Acute Seizure Management
Administer intravenous lorazepam 4 mg at 2 mg/min immediately for any actively seizing patient—this is your definitive first-line treatment with 65% efficacy in terminating status epilepticus. 1
Immediate Actions (0-5 Minutes)
First-Line Benzodiazepine Therapy
- Give IV lorazepam 4 mg at 2 mg/min as soon as IV access is secured—lorazepam is superior to diazepam (59.1% vs 42.6% seizure cessation) and has longer duration of action 1
- Have airway equipment immediately available before administering any benzodiazepine, as respiratory depression can occur 1, 2
- Check fingerstick glucose immediately and correct hypoglycemia while administering treatment—this is a rapidly reversible cause 1
- Time the seizure duration—status epilepticus is operationally defined as seizures lasting ≥5 minutes, requiring immediate escalation 1, 3
Alternative Routes When IV Access Delayed
- IM midazolam if IV access is challenging—shows 97% relative efficacy compared to IV diazepam 1
- Intranasal midazolam with onset within 1-2 minutes and peak effect at 3-4 minutes 1
- Rectal diazepam 0.5 mg/kg if buccal/intranasal routes not feasible 1
Second-Line Treatment (5-20 Minutes After Benzodiazepines)
If seizures persist after adequate benzodiazepine dosing, immediately escalate to one of the following second-line agents—all three have equivalent efficacy (45-47%), so choose based on safety profile and contraindications. 1
Recommended Second-Line Agents (Listed by Safety Profile)
Valproate is the safest option with superior efficacy:
- Dose: 40 mg/kg IV (maximum 3000 mg) over 10 minutes 1
- Efficacy: 88% seizure cessation with 0% hypotension risk 1
- Intubation rate: 16.8% 1
- Absolute contraindication: Women of childbearing potential due to fetal teratogenicity 1
Levetiracetam has minimal cardiovascular effects:
- Dose: 60 mg/kg IV (maximum 4500 mg) over 10 minutes 1
- Efficacy: 68-73% seizure cessation 1
- Hypotension risk: 0.7%, intubation rate: 20% 1
- No cardiac monitoring required 1
Fosphenytoin requires continuous monitoring:
- Dose: 20 mg PE/kg IV at maximum rate of 150 mg/min 1
- Efficacy: 84% but hypotension risk 3.2% 1
- Intubation rate: 26.4% 1
- Requires continuous ECG and blood pressure monitoring 1
Phenobarbital has highest respiratory depression risk:
- Dose: 20 mg/kg IV over 10 minutes 1
- Efficacy: 58.2% as initial second-line agent 1
- Higher risk of respiratory depression and hypotension 1
Third-Line Treatment for Refractory Status Epilepticus (20+ Minutes)
Refractory status epilepticus is defined as seizures continuing despite benzodiazepines and one second-line agent—initiate continuous EEG monitoring at this stage. 1
Anesthetic Agents (Choose Based on Clinical Context)

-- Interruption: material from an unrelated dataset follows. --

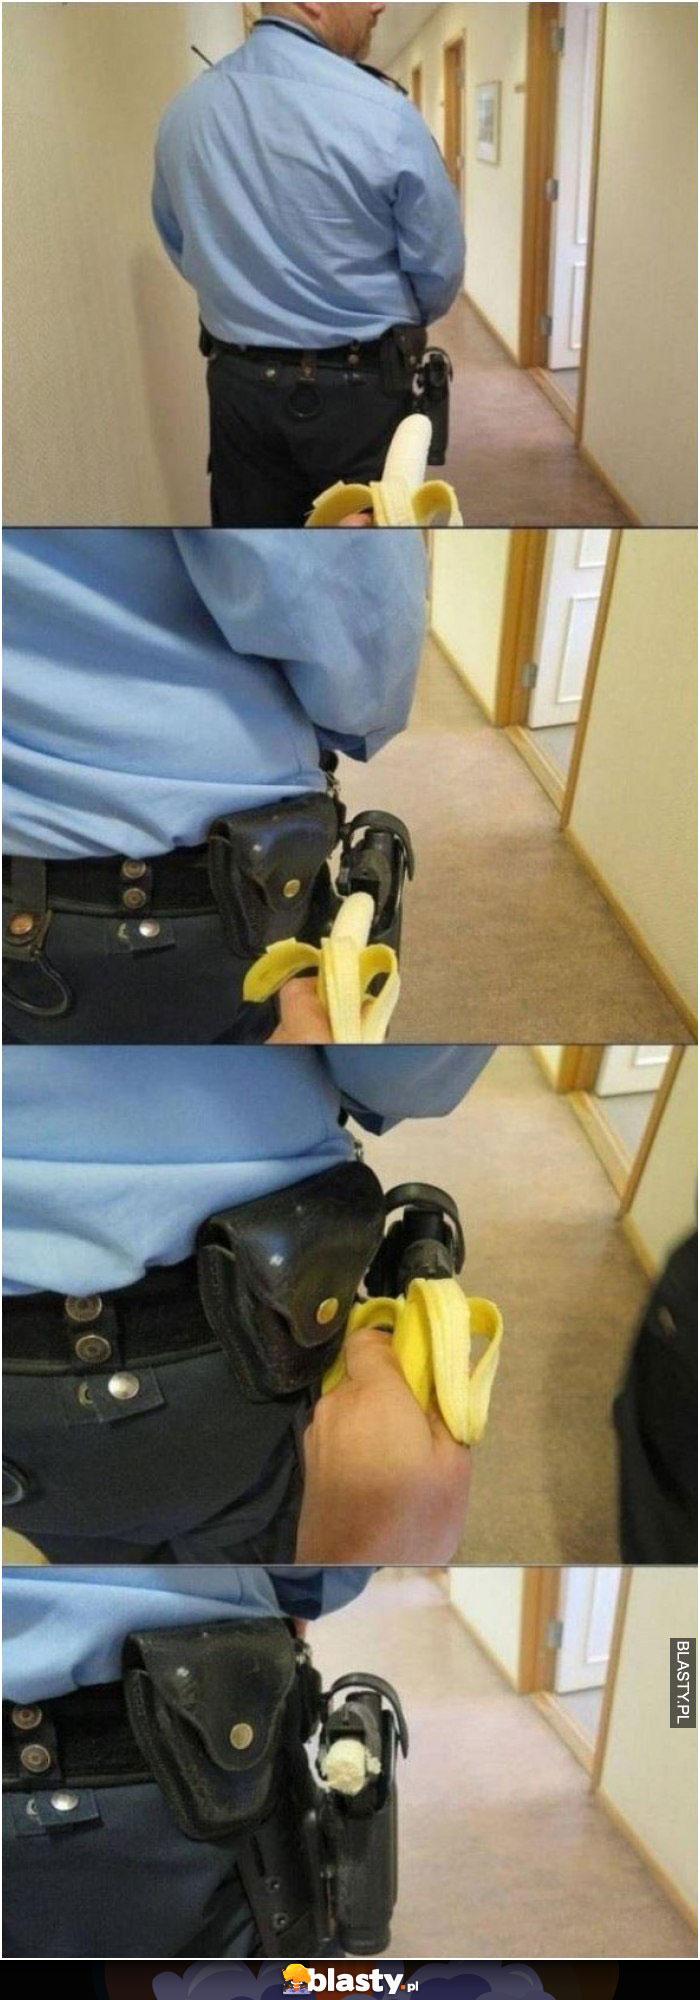 Trollowanie policjanta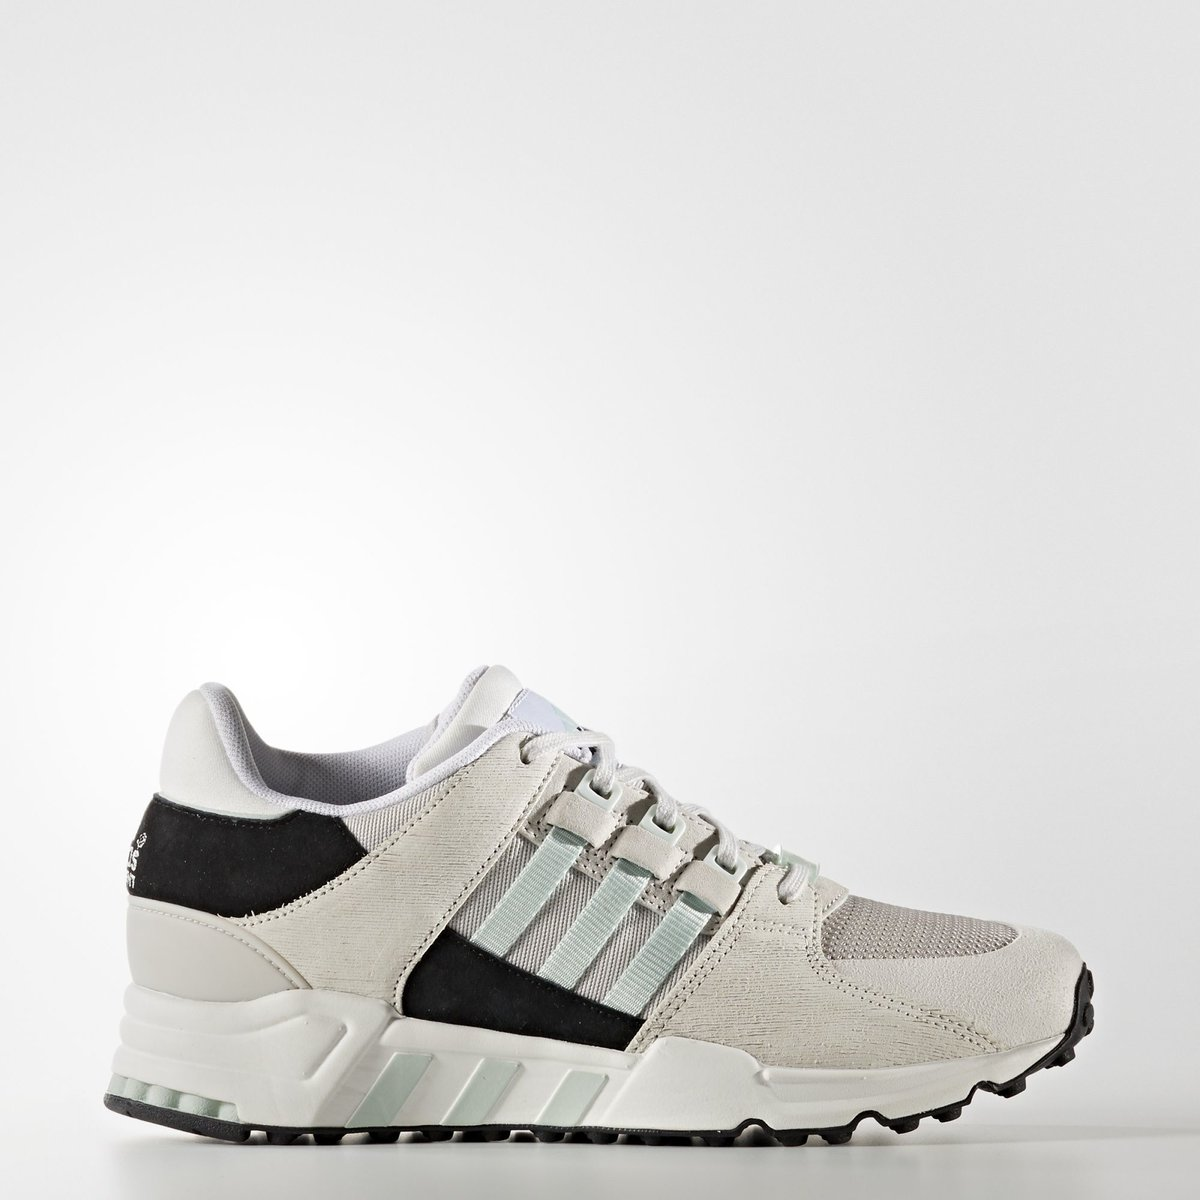 8f02c8d9ac8a Кроссовки Adidas Equipment в Кемерове. Кроссовки adidas equipment Купить со  скидкой -50% ❤

Midazolam infusion (preferred for most patients):
- Loading dose: 0.15-0.20 mg/kg IV 1
- Continuous infusion: 1 mg/kg/min, titrate up by 1 mg/kg/min every 15 minutes to maximum 5 mg/kg/min 1
- Efficacy: 80% with 30% hypotension risk 1
- Load with phenytoin/fosphenytoin, valproate, levetiracetam, or phenobarbital during infusion before tapering 1
Propofol (for intubated patients):
- Loading dose: 2 mg/kg bolus 1
- Continuous infusion: 3-7 mg/kg/hour 1
- Efficacy: 73% with 42% hypotension risk 1
- Requires mechanical ventilation but shorter duration (4 days vs 14 days with barbiturates) 1
Pentobarbital (highest efficacy but most complications):
- Loading dose: 13 mg/kg 1
- Continuous infusion: 2-3 mg/kg/hour 1
- Efficacy: 92% but 77% hypotension risk requiring vasopressors 1
- Prolonged mechanical ventilation (mean 14 days) 1
Critical Simultaneous Actions Throughout Treatment
Search for and treat underlying causes while administering anticonvulsants—do not delay treatment for imaging: 1, 3
- Hypoglycemia—check fingerstick glucose immediately 1
- Hyponatremia—most common electrolyte disturbance precipitating seizures 1
- Hypoxia—ensure adequate oxygenation 1
- Drug toxicity or withdrawal syndromes (especially alcohol, benzodiazepines) 1
- CNS infection—consider if fever present 1
- Acute stroke or intracerebral hemorrhage—especially in patients >40 years 1
Obtain neuroimaging (CT head) after seizure control is achieved—do not delay anticonvulsant administration for imaging 1
Monitoring Requirements
- Continuous vital sign monitoring is essential, particularly respiratory status and blood pressure 1
- Continuous EEG monitoring for refractory cases to detect non-convulsive seizure activity and guide therapy 1
- Maintain NPO status until swallowing ability is assessed to prevent aspiration 3
- Monitor for at least 24-48 hours after anesthetic discontinuation as breakthrough seizures occur in >50% of patients 1
Management After First Unprovoked Seizure (Once Seizure Controlled)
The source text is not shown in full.